Bond holders’ were an aggrieved lot as they lost money due to write-offs in both the instances and have filed suits in the court against the measures.
The apex bank, however, did not achieve the same success on the co-operative banks front, and a solution to the PMC Bank crisis eluded all through the year.
In what can completely change the banking landscape, a panel formed by the RBI has suggested re-allowing corporates into banking fray, so that banks promoted by such deep-pocketed entities can help the lending in the economy, where credit growth has slipped to under 6 per cent. Not surprisingly, the move has been opposed by a host of thinkers for potential conflicts of interest in a country afflicted with cronyism.
The RBI climbed down from its stated position and allowed Kotak Mahindra Bank’s promoter Uday Kotak to hold 26 per cent in the lender in return for a withdrawal of a suit in Bombay high court filed by the private sector lender on the same issue, and stated its intent to extend the same to other bank promoters as well.
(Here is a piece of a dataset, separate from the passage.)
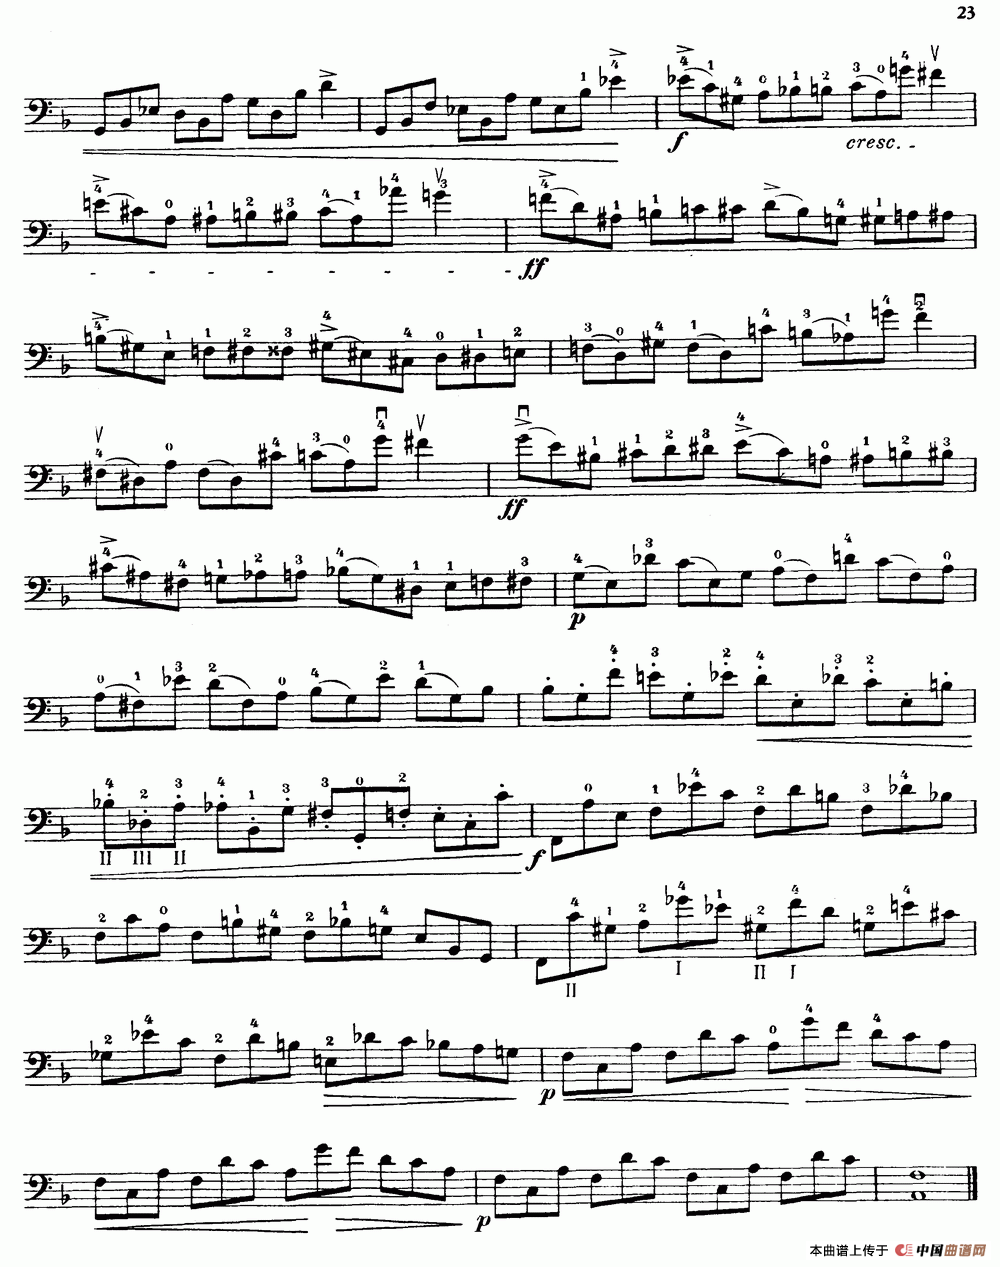 大提琴高级练习曲40首 No.11小提琴谱

The central bank has also talked about its intent to cap the tenures of bank heads to improve the governance standards at lenders.
The central bank took serious note of online banking service disruptions by HDFC Bank and in an unprecedented action, barred the largest private sector lender from issuing any new credit cards.
On non-performing assets (NPAs), which has dominated the attention in the last few years, the situation remained grim with further deterioration due to the impact of the pandemic.
In July, the RBI suggested that gross NPAs could rise to 12.5 per cent in March 2021 from 8.5 per cent in March 2020. However, Das hinted that faster economic recovery can help contain the slippages and promised to come out with the final estimate in December-end’s financial stability report.
Resolutions of NPAs have been severely affected as fresh proceedings under the Insolvency and Bankruptcy Code have been suspended and all eyes are on the quantum of the assets which will come up for recasts under a new scheme announced by RBI after the end of moratoriums.
On the external front, the RBI’s role has been widely appreciated for mopping-up excess flows and ensuring that the rupee does not appreciate a lot in the face of a fall in imports as the economy contracts. The forex reserves stood at $581 billion as of December 18.